● Data provided
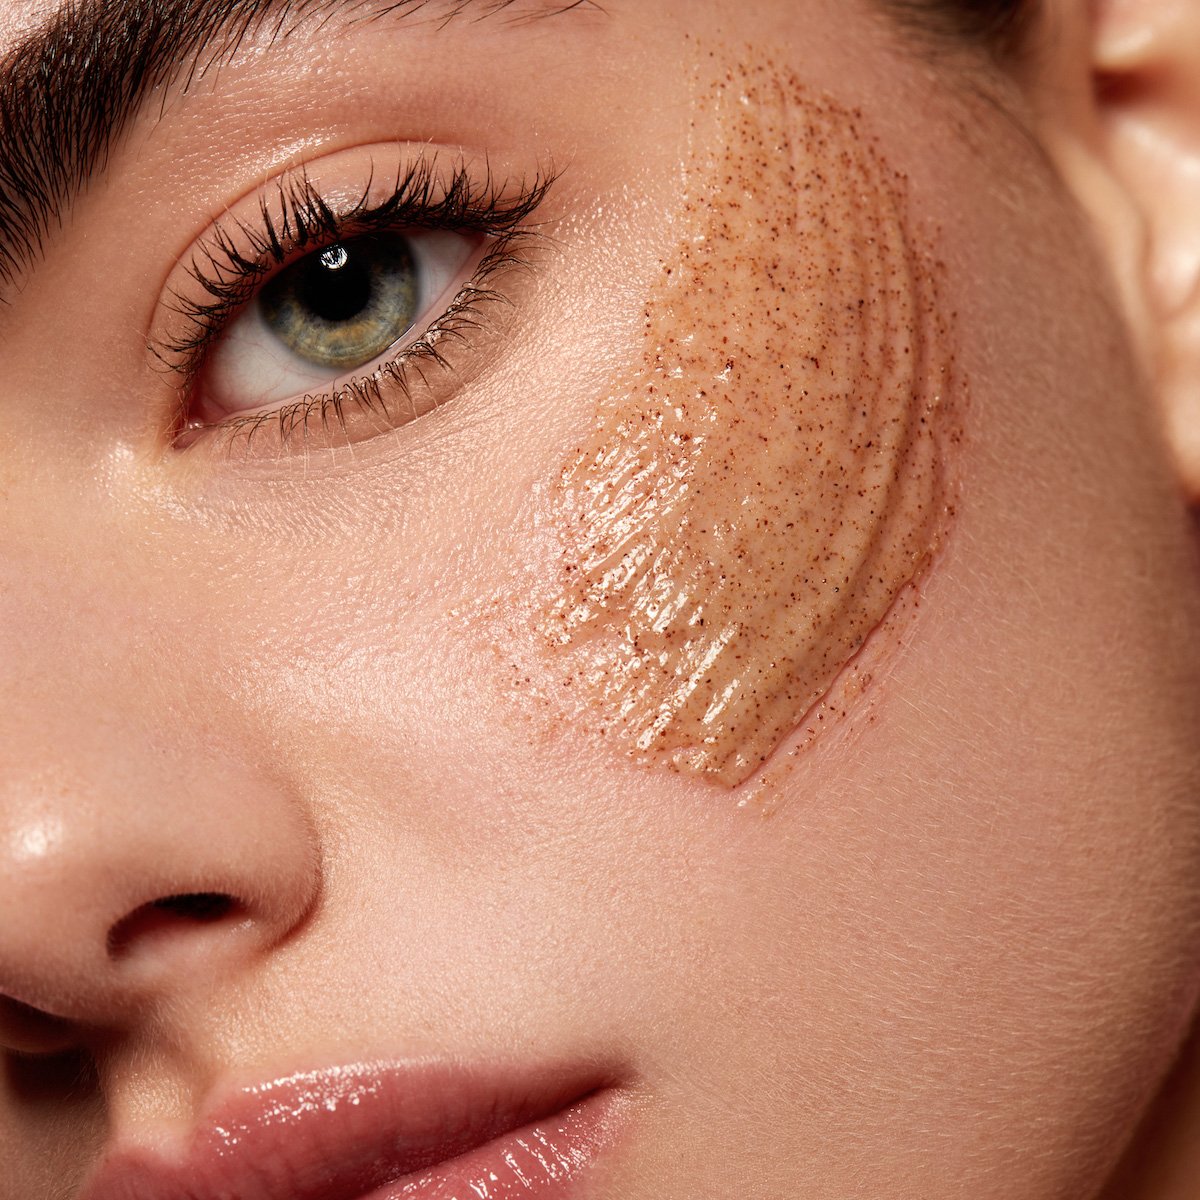 Model using Kylie Skin Walnut Face Scrub by Kylie Jenner
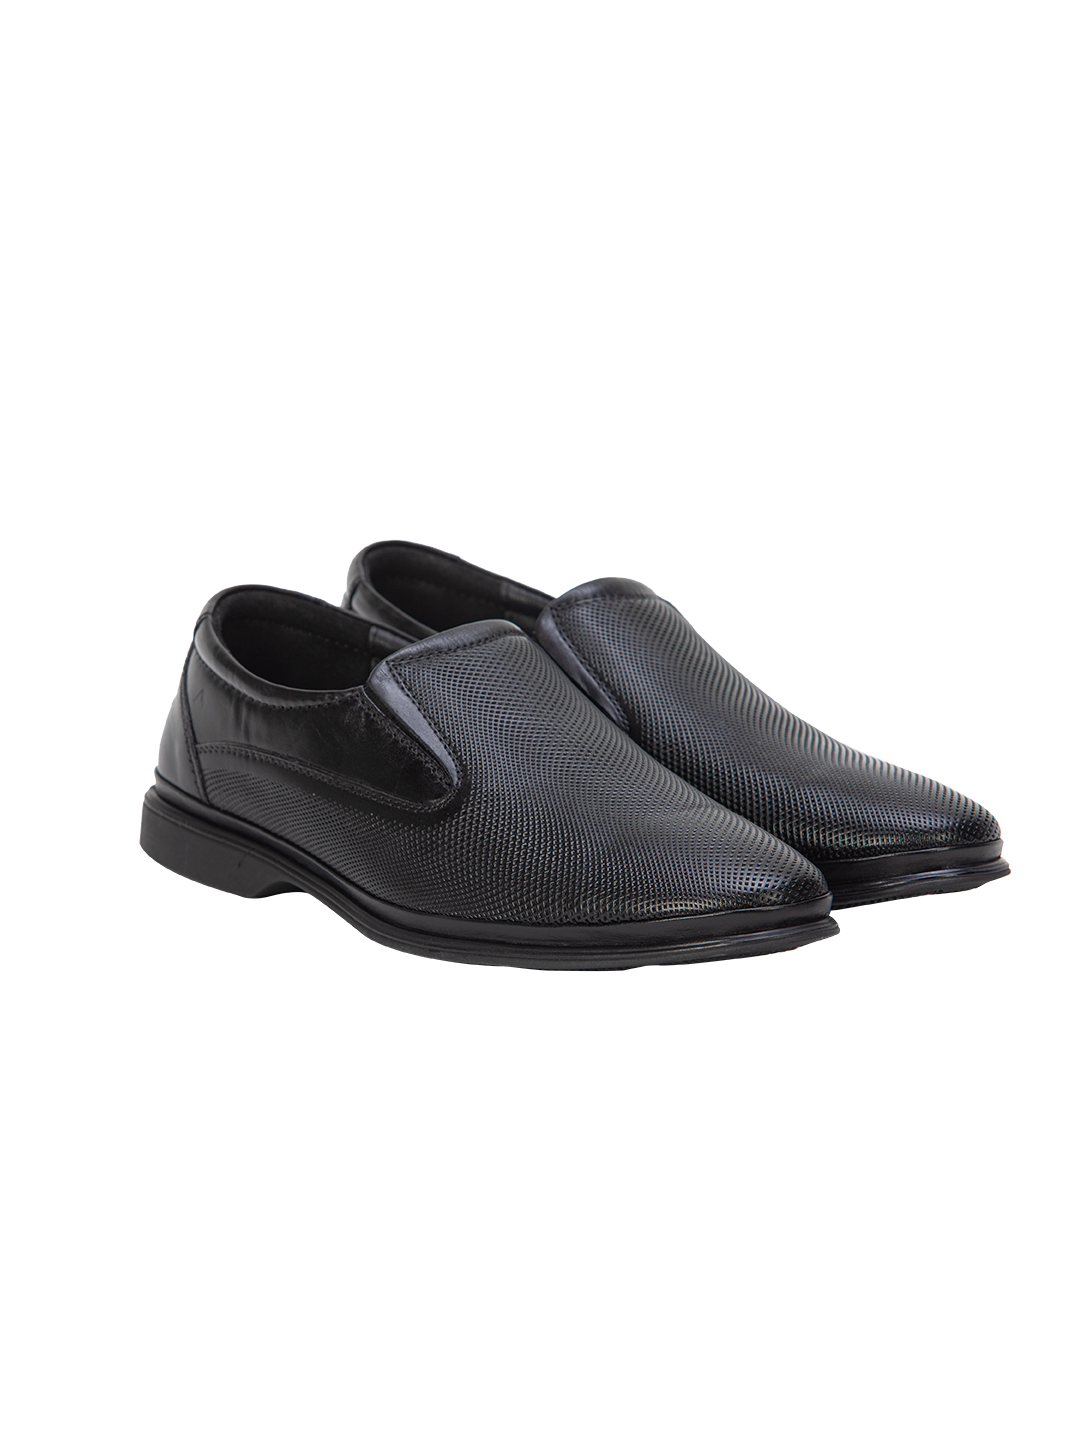 Buy Von Wellx Germany Comfort Mondaine Casual Black Shoes Online in Gujarat
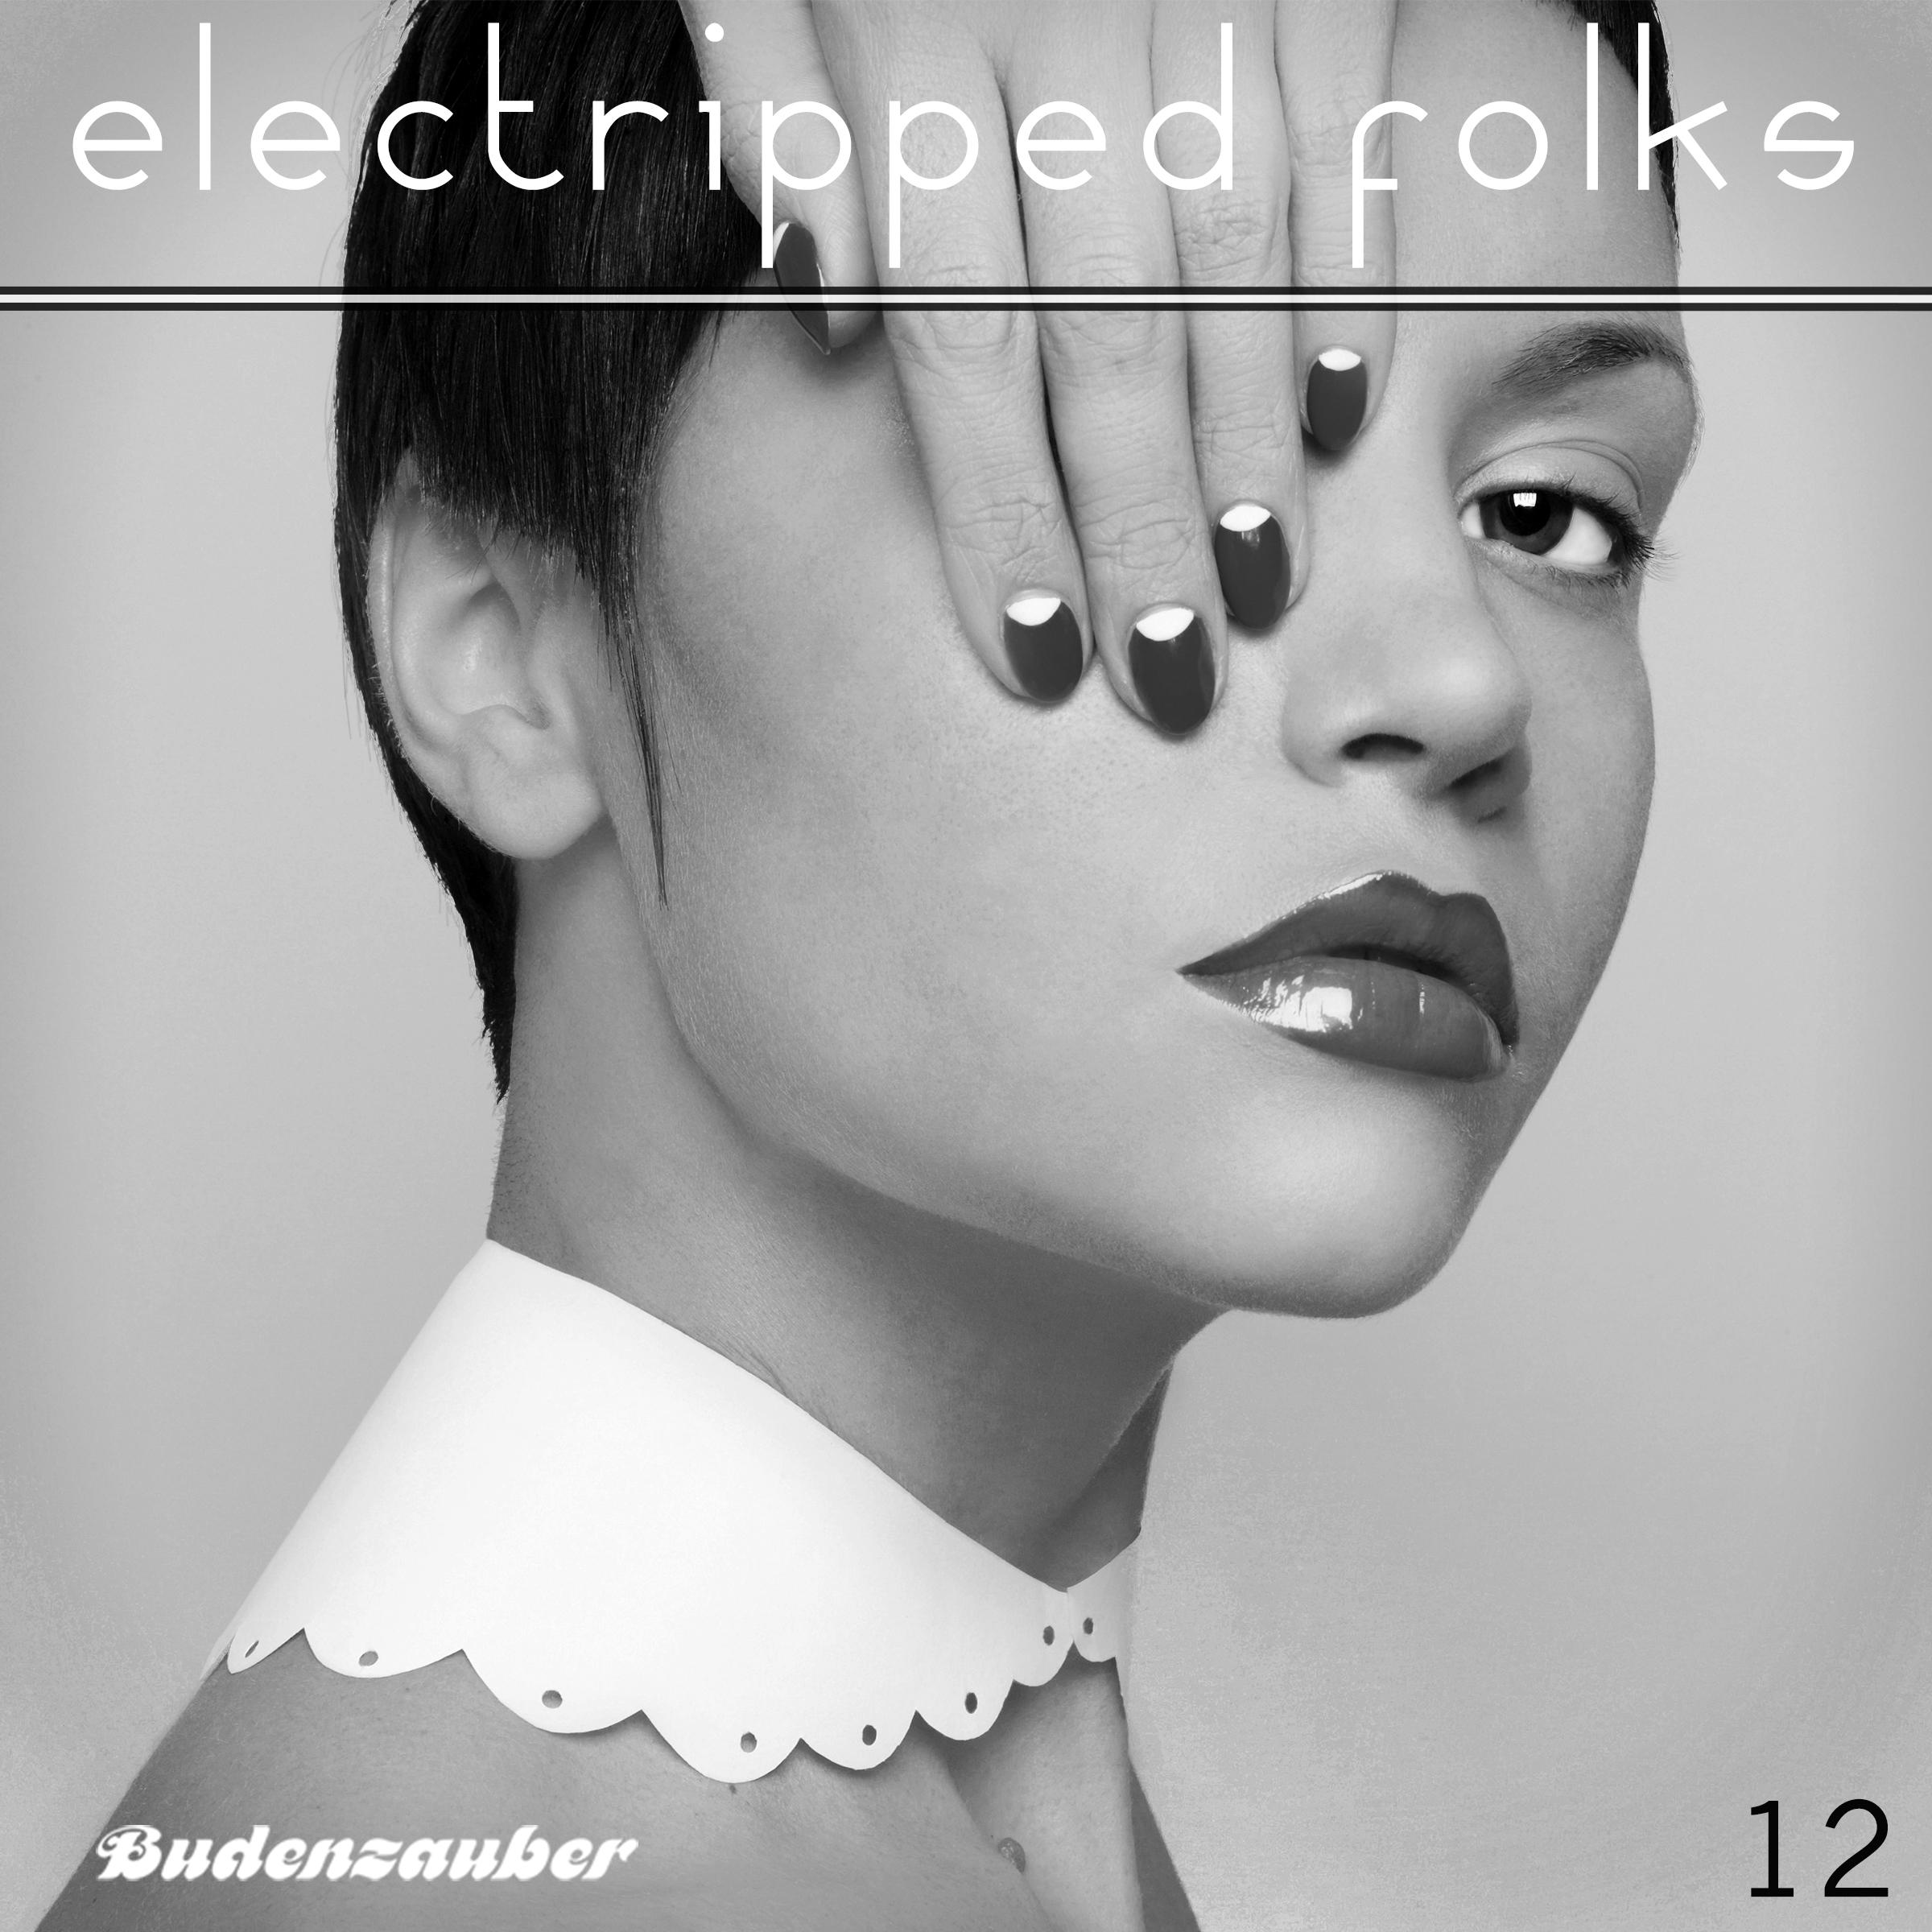 Electripped Folks, 12

● Task statement
Output all the material above exactly once more, leaving every picture out.

● Completed task
 Model using Kylie Skin Walnut Face Scrub by Kylie Jenner
 Buy Von Wellx Germany Comfort Mondaine Casual Black Shoes Online in Gujarat
 Electripped Folks, 12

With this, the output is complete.